» **Data excerpts**:
>>>
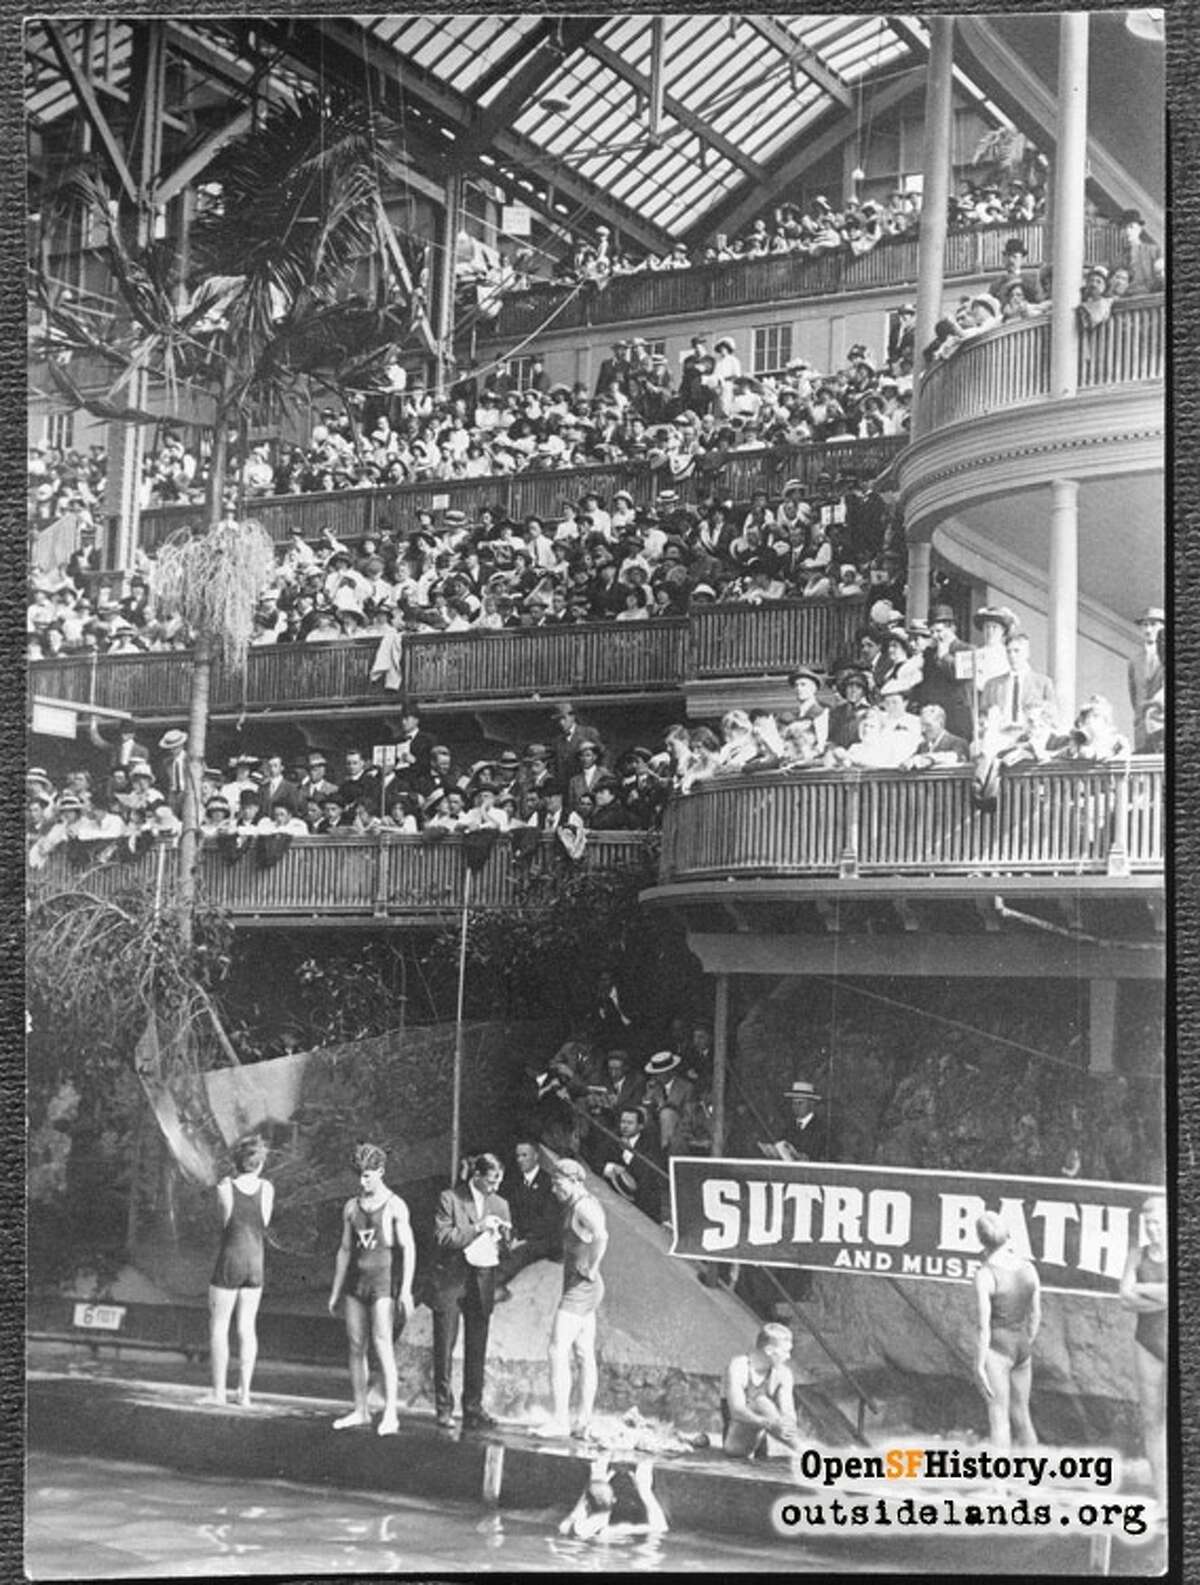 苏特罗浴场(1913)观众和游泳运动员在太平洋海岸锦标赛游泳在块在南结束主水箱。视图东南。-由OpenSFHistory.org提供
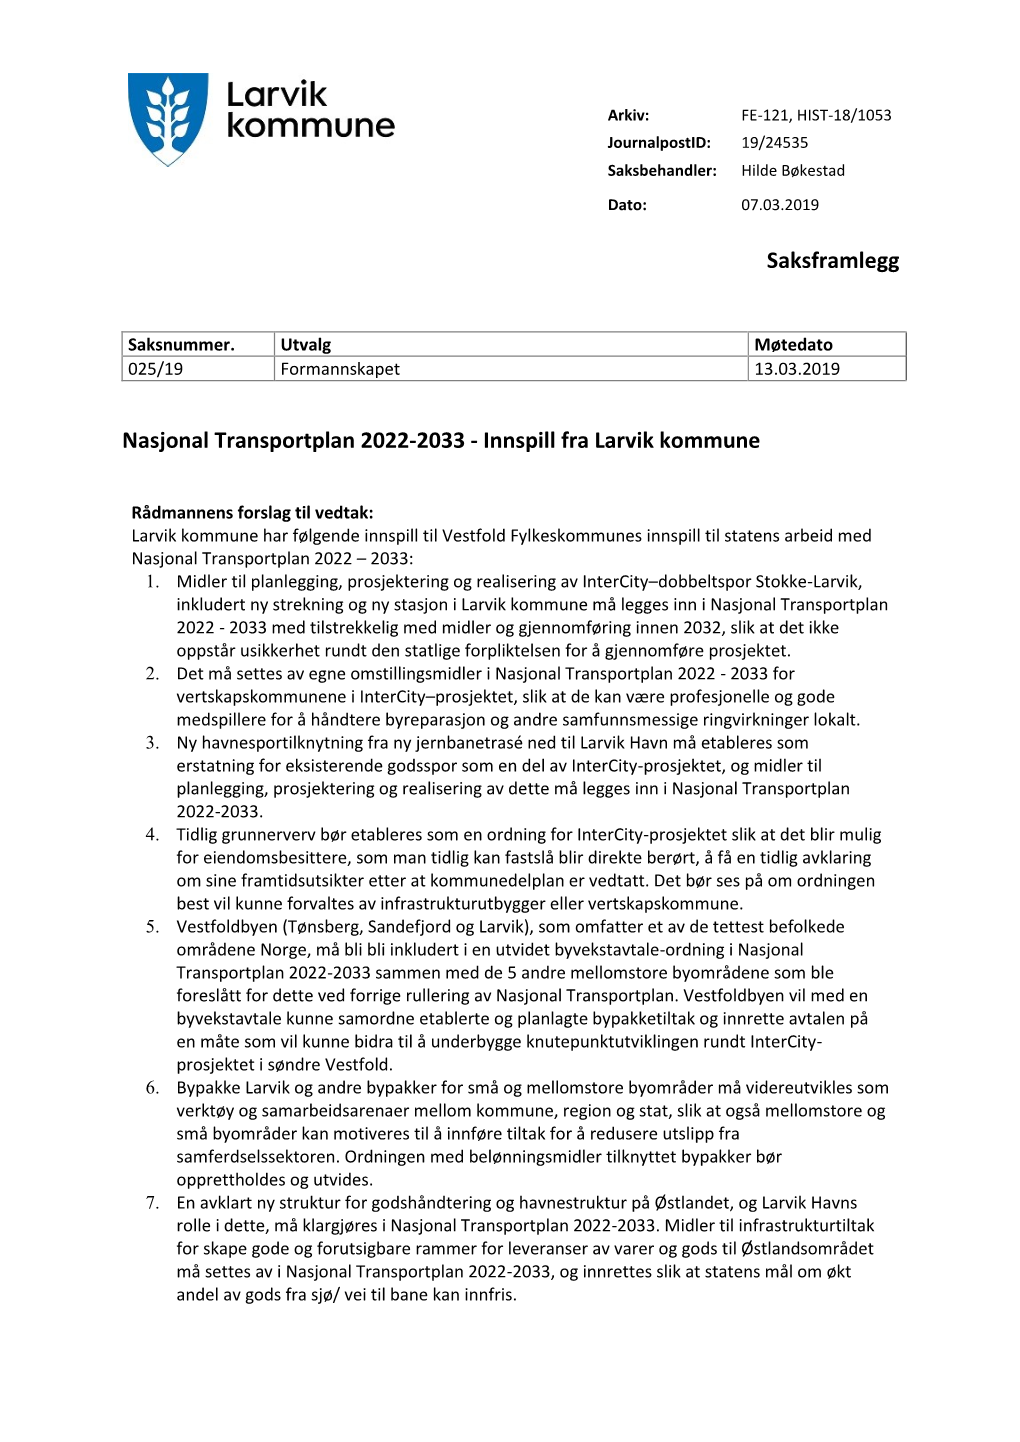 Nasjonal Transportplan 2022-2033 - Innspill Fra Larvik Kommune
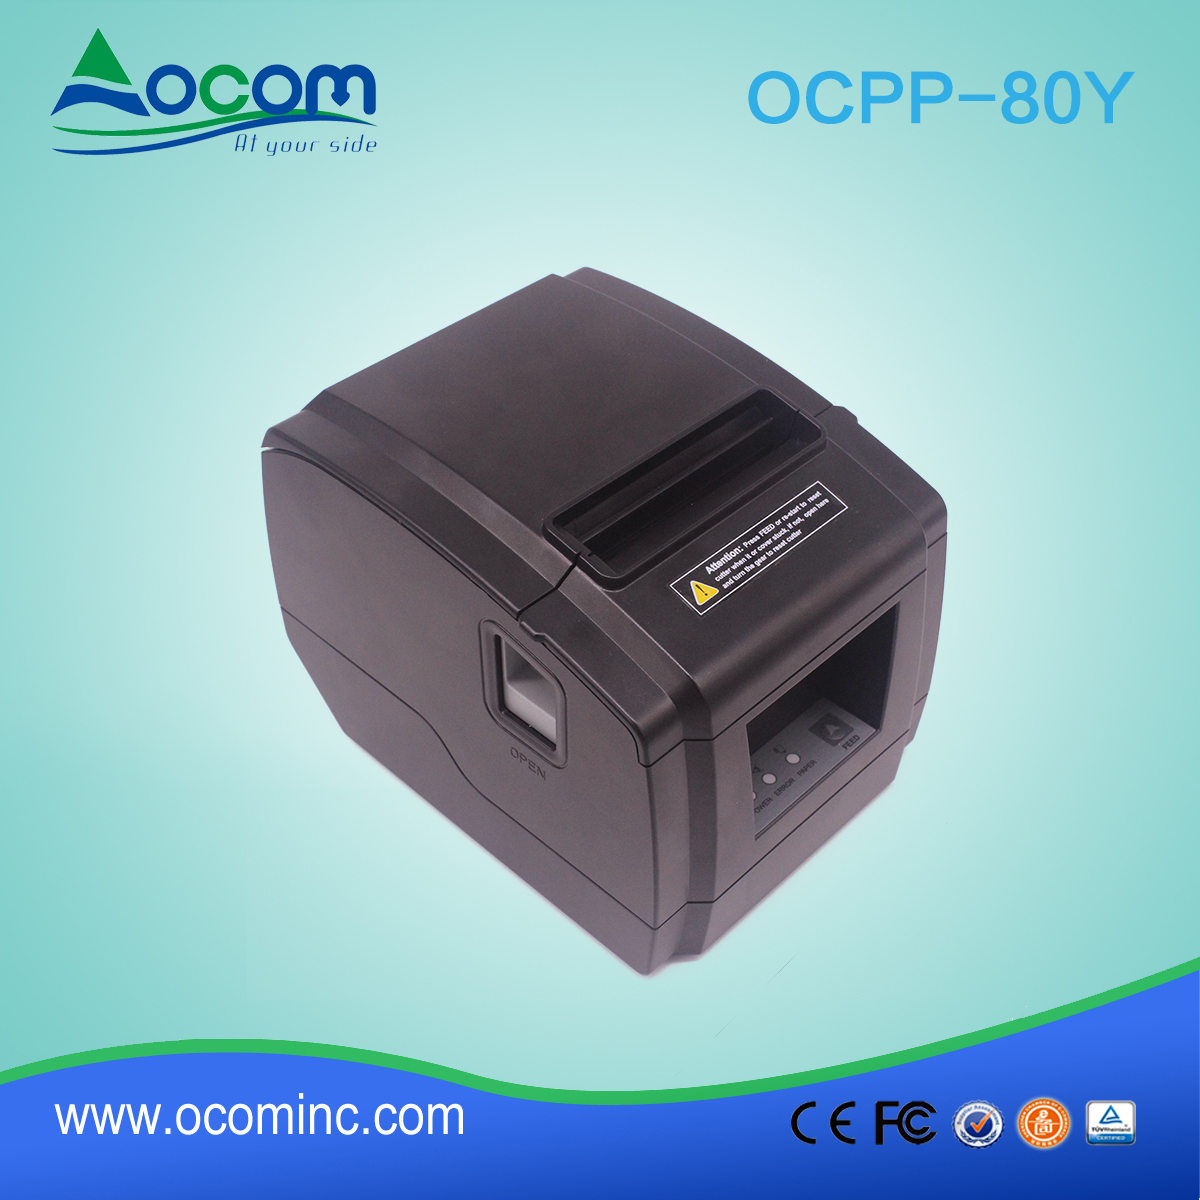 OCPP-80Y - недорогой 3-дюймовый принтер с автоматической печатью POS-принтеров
<<<
>>>
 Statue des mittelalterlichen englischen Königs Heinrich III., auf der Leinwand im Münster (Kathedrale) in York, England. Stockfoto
<<<
» **Problem statement**: Using the data above, print only the lines starting at the one with "Nasjonal Transportplan 2022-2033" and ending at the one with "OCPP-80Y - недорогой", exactly as they stand, minus the pictures.

» **Solution to this problem**:
 Nasjonal Transportplan 2022-2033 - Innspill Fra Larvik Kommune
 OCPP-80Y - недорогой 3-дюймовый принтер с автоматической печатью POS-принтеров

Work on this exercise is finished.